I ultimately don’t charge him for the Sixers’ offense turning to garbage against the Heat in the second round. We can talk about shifting to heavy isolation play instead of spamming pick-and-rolls. But, we must also discuss that Miami switches ball screens to oblivion. Switching ultimately takes away driving lanes. That inhibits your ball-handler’s ability to get downhill. You can claim that Harden is “washed” or injured. But, you cannot also say that he was perfectly able to navigate pick-and-rolls if only Rivers used them more often. Harden struggled so much that the Heat even stopped switching. Instead, they opted to disgrace him to the point of going under ball screens and daring him to shoot.

There also needs to be an understanding that the Sixers were essentially done when Embiid took Siakam’s elbow to the face.
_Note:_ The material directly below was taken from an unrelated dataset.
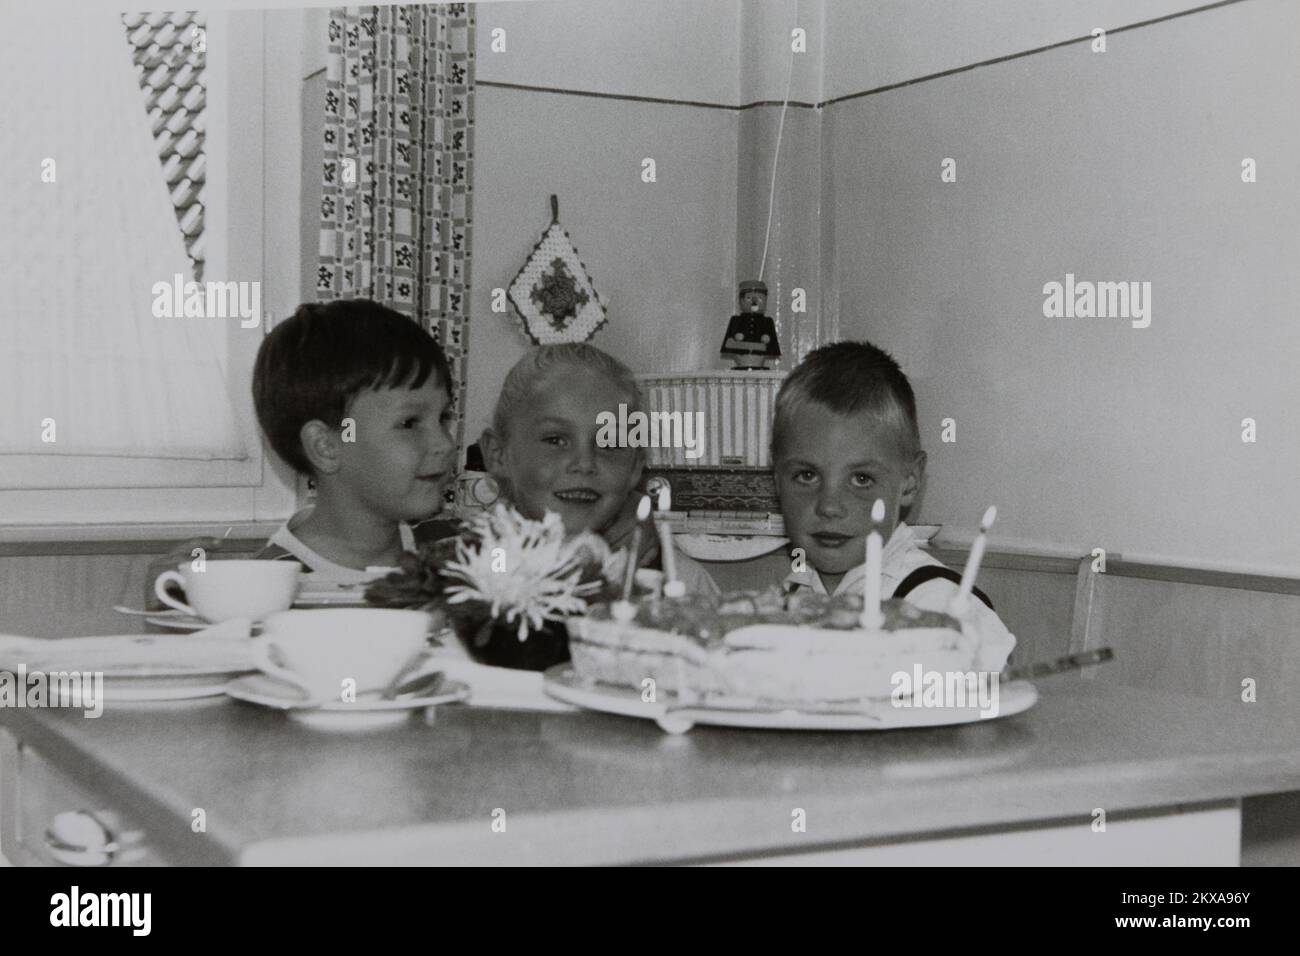 08/25/1962, 7720 Schwenningen, Germania. Immagine storica di una festa di compleanno per bambini nel 1962. Foto Stock

His choice was to roll with over-exposing Paul Reed, throw Charles Bassey into the playoff fire after not playing games for weeks, or pick between 2 backups in Jordan and Paul Millsap who are no longer NBA players. He was tasked with picking the lesser of 2 evils for the first 2 games of the series. That holds especially true when you weigh the options relative to what he had in Embiid.

You could even go back to Game 6 against Toronto and criticize him for leaving Embiid in too long. But, Rivers isn’t wrong in his defense that winning coaches leave their starters in until the losing coach waves the flag. There were 4 blowouts surrounding the Sixers’ Game-6 victory in Toronto. By my count, all 4 followed what Rivers preached in his own defense. 

Sources close to the team told The Painted Lines that rumors about a potential Rivers departure are inaccurate. He will be working closely with Morey and Brand to strengthen the roster this summer. Sources have re-affirmed that position since season’s end.

Rivers has his faults, but a changing of the guard pardons issues elsewhere that need to be addressed. And no new coach is fixing them.